I smile at her, taking in every detail of her face beneath mine. I open my mouth to say something witty and wildly inappropriate when a twig snaps to my left. A Sight watches us with glazed eyes, documenting the scene before him. And I’m embarrassed that I have no idea how long he has been standing there, not with how distracted I was with the girl before me.

I can only imagine what Father will make of this—of us. Of me helping, saving, enjoying being with the girl from the slums.

Wouldn’t be the first time I’ve disappointed him, and it certainly won’t be the last.

The Sight blinks, clearing his blurry eyes before disappearing into the night. I turn back towards Paedyn, her attention still fixed on the spot where the man once was. Then I look down at her exposed stomach, and the wound now completely stitched there.

I begin wrapping the remains of her large shirt over the wound and around her waist. Paedyn’s eyes follow my movements, tracking my hands and tracing my face.

“You never did answer my question,” I say far more casually than I currently feel.

“You’ll have to be more specific than that, Azer.”

“I asked who the hell did this to you.”

She laughs dismissively, turning her head from mine. “Oh, that question. It doesn’t matter.”

“If it doesn’t matter, then tell me.”

She shoots me an annoyed look before she sighs, giving in. “Ace. Happy now? He used his illusions to draw me in.” She’s suddenly pale again. “He made me see…things.”

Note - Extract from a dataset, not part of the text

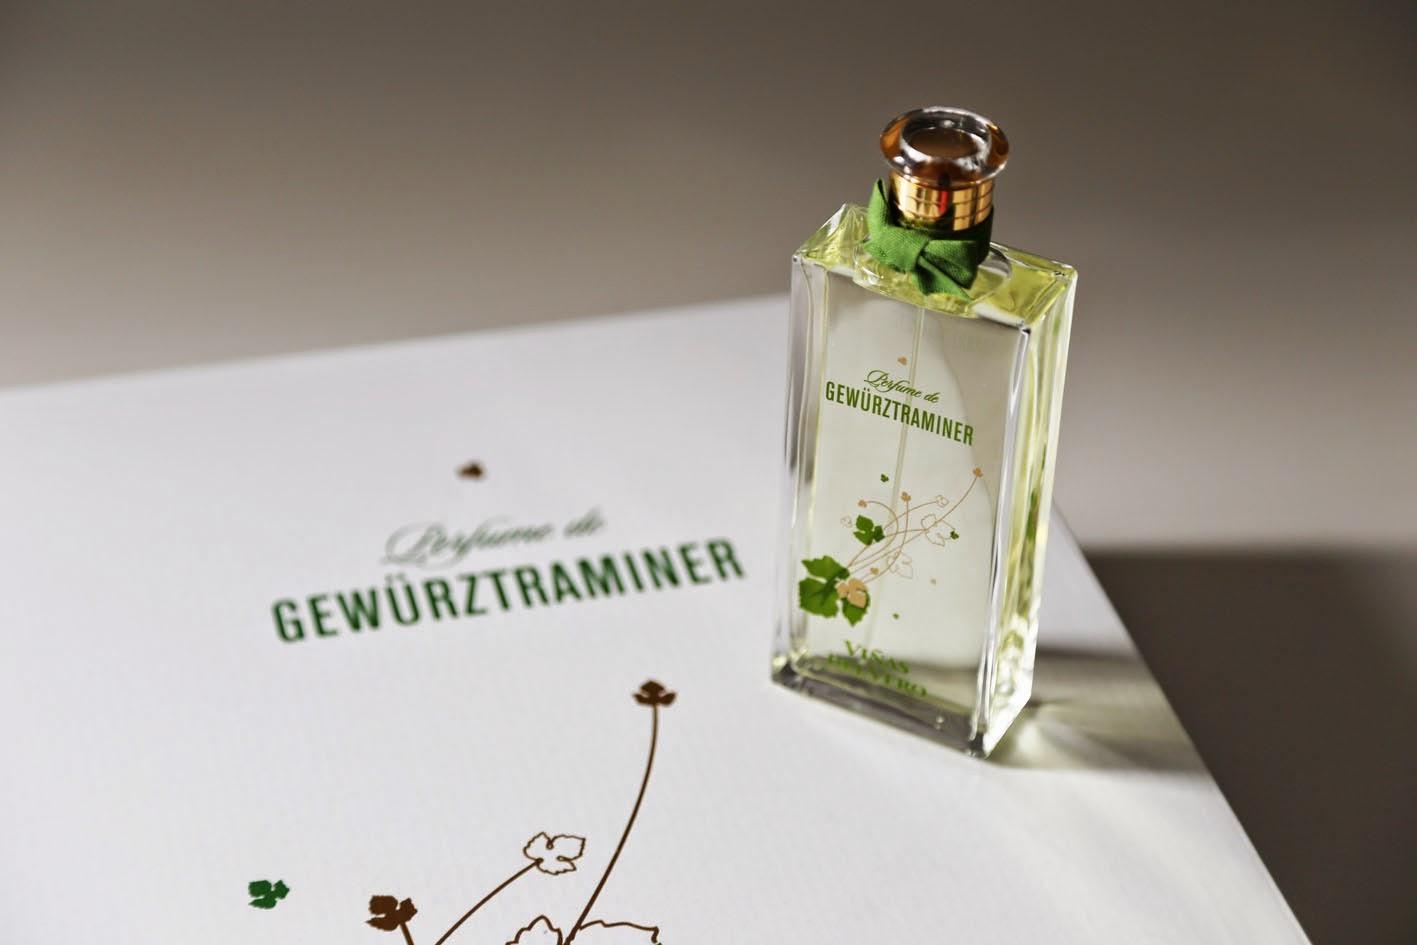 Perfume de Gewürztraminer

I’ve never seen her look so haunted, and I’m shocked by how much I hate it. “Did you kill him?”

“No,” she says softly. “No, I didn’t kill him.”

We fall silent, and I run my hand over her crude bandage, making sure it’s secure as she stares at me. Then I hand her the water canteen before forcing her to choke down some burnt rabbit.

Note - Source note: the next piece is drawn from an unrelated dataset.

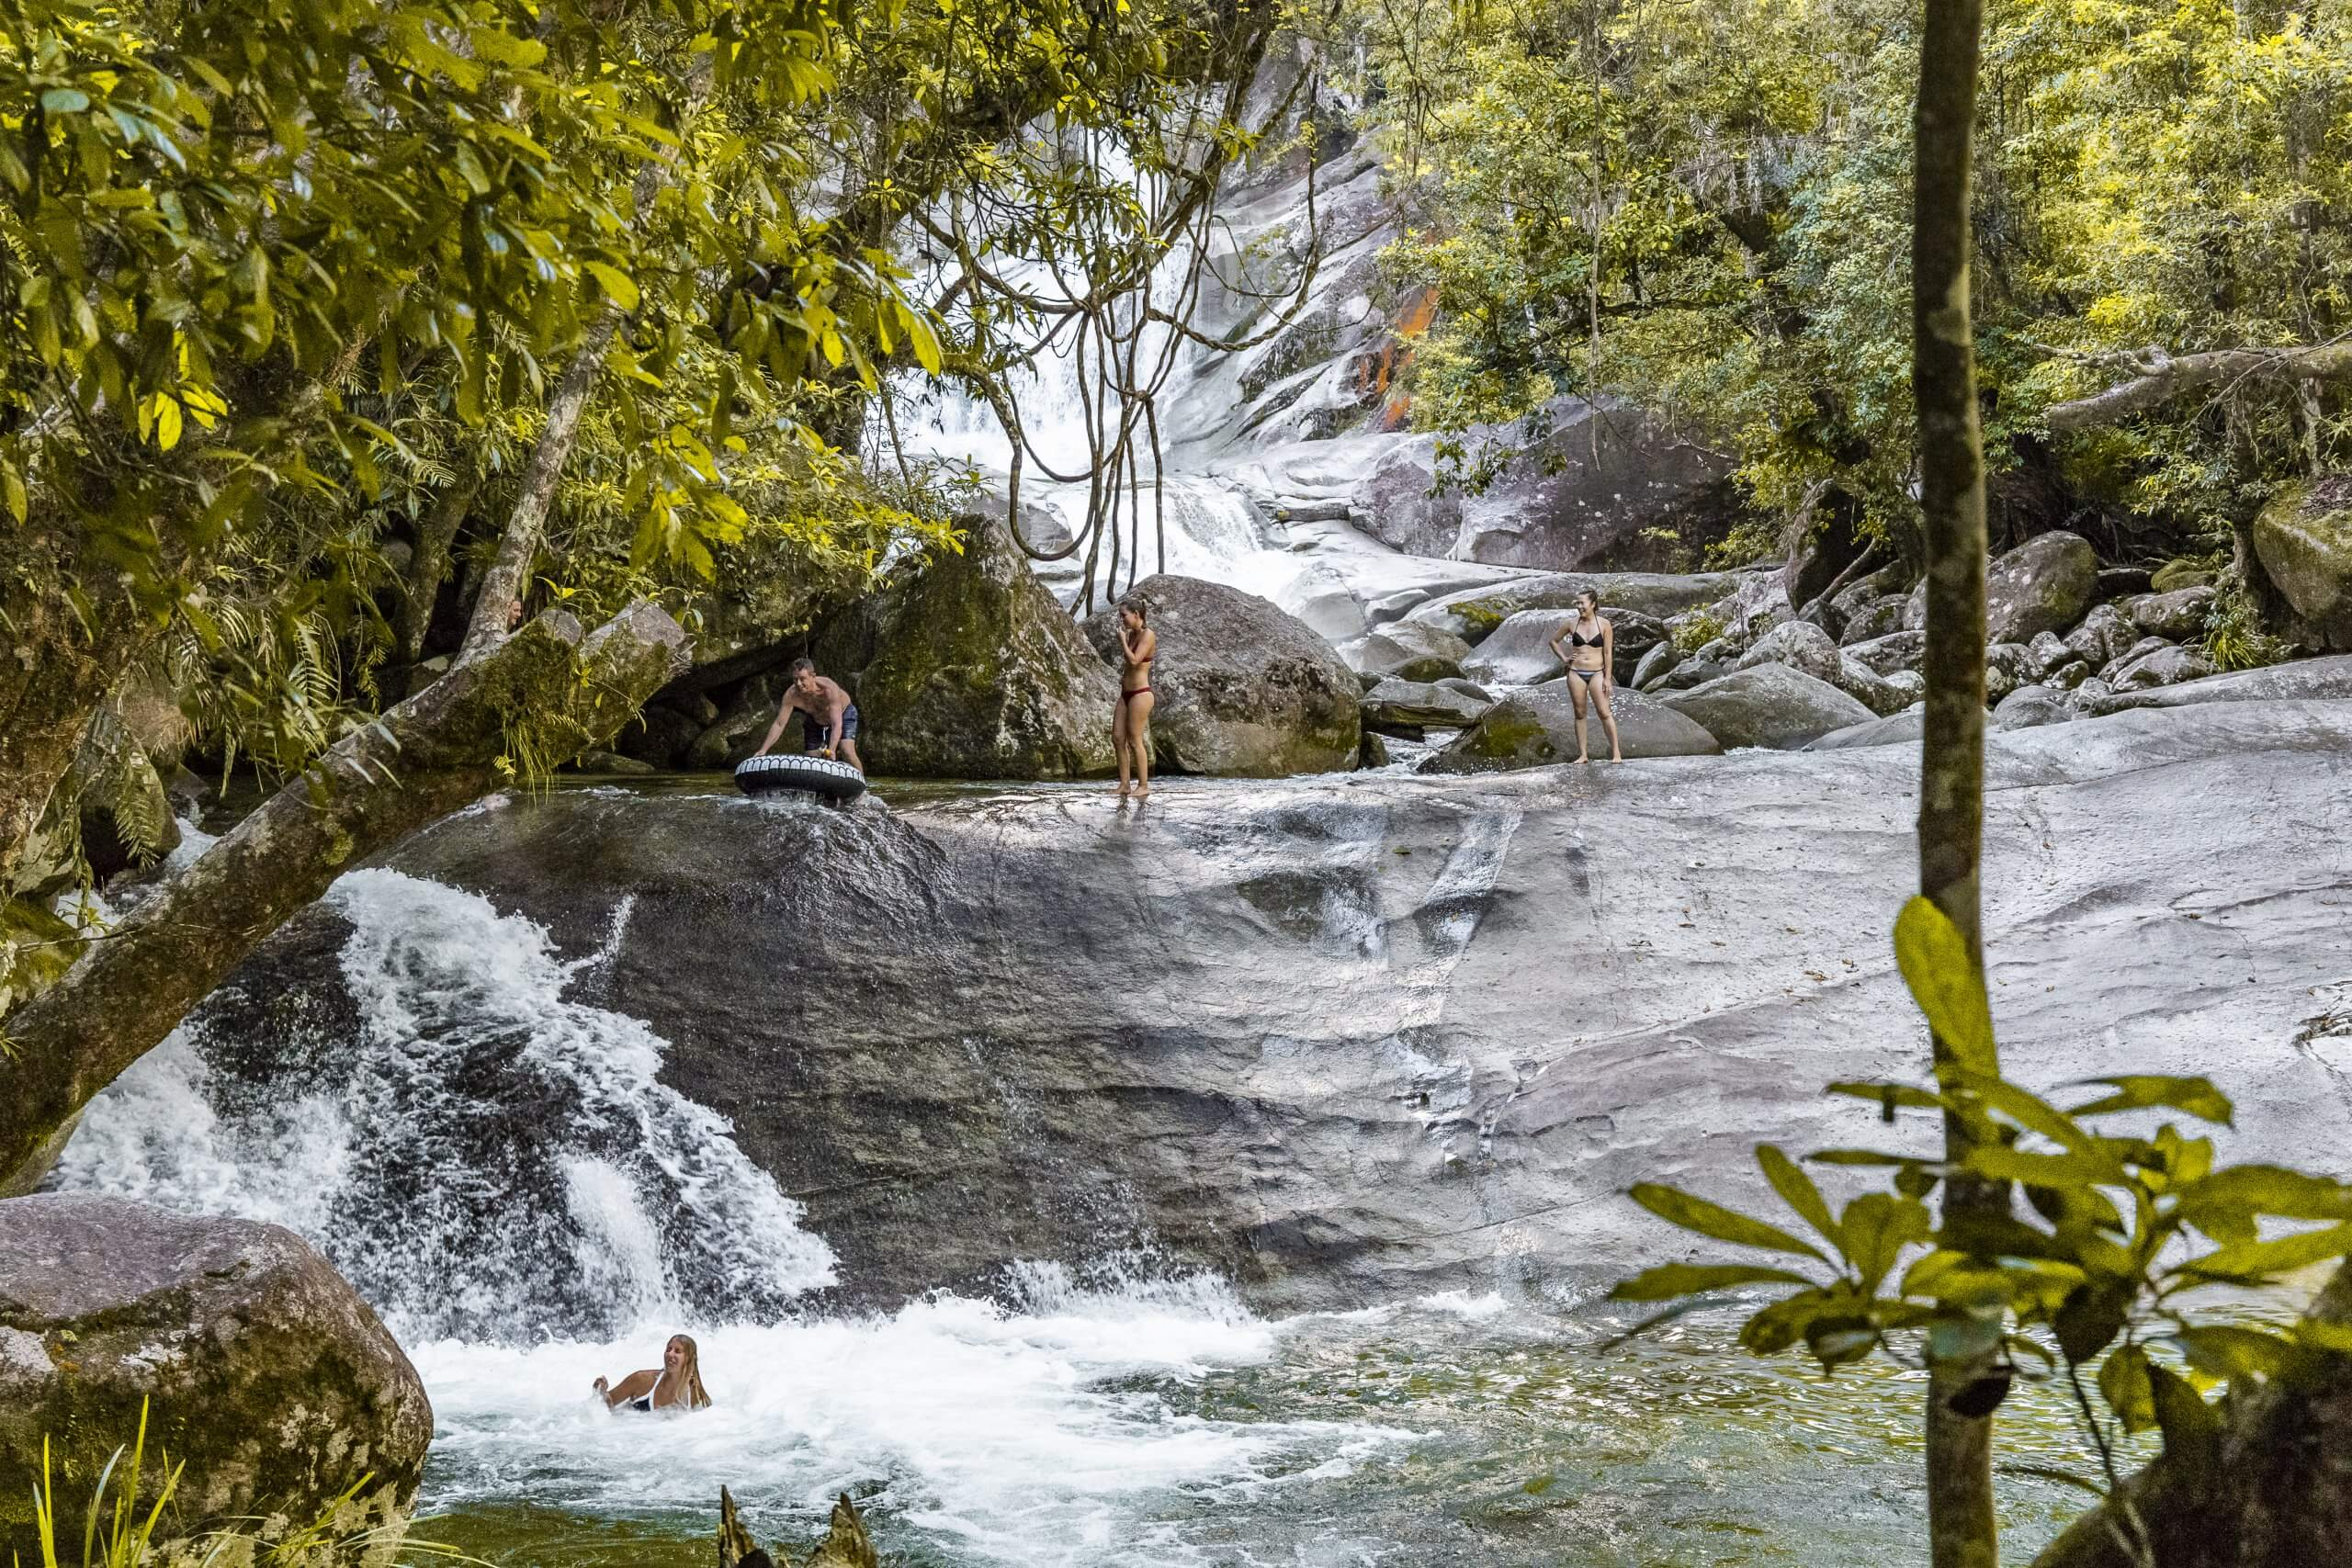 die natürliche Wasserrutsche der Josephine Falls

I busy myself around the small camp, and when I look back at Paedyn from where I stoke the flames of the dying fire, her lids are drooping, eyelashes fluttering with the promise of sleep. Then I catch her shiver slightly in the brisk, night breeze.

Well that just won’t do.

I kneel beside her, scooping her into my arms before pulling her off the ground and carrying her closer to the fire. She grunts groggily against my chest before I lay her down on the packed dirt, watching her chest rise and fall with steady breaths, so unlike the ragged, shallow ones she choked on earlier.

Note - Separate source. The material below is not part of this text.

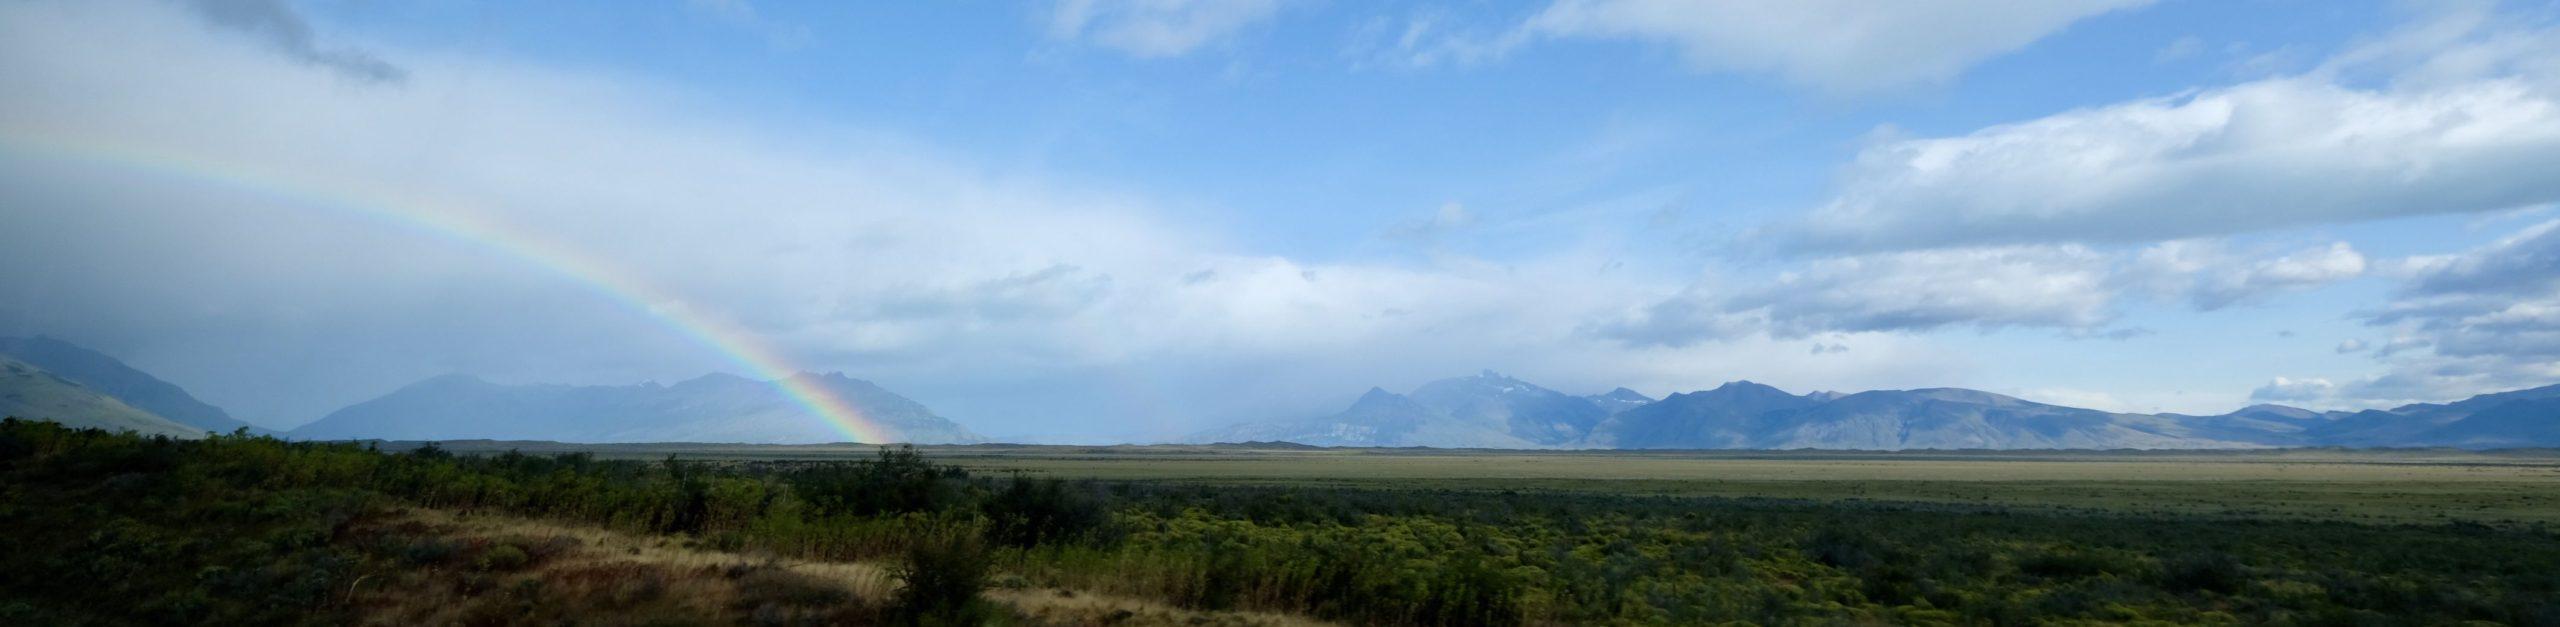 Tipy z jižní Patagonie

And then I sit there. I can’t seem to tear my eyes away as she drifts to sleep beside the fire, alive and breathing deeply. She shakes again, making me wish I had a blanket to offer her, had something to offer her. The truth of that thought hits me like a blow to the gut.

I have nothing to offer her.

I am wrong, so wrong for her. She is too brave, too bold, too bloody good for me. Maybe I could be a better man. Maybe I could be more like Kitt with his heart on his sleeve and happiness on display. Maybe the future Enforcer could break down a few walls, become a man who is more than the masks he wears around his people.

But ever since she discovered I was the prince and declared us enemies, I’ve played along, not wanting to be outdone. And it’s fun. It’s a distraction for the both of us, the toying and teasing with one another.

But now?

If I am to be her enemy, I want it to be because she loathes herself for wanting me.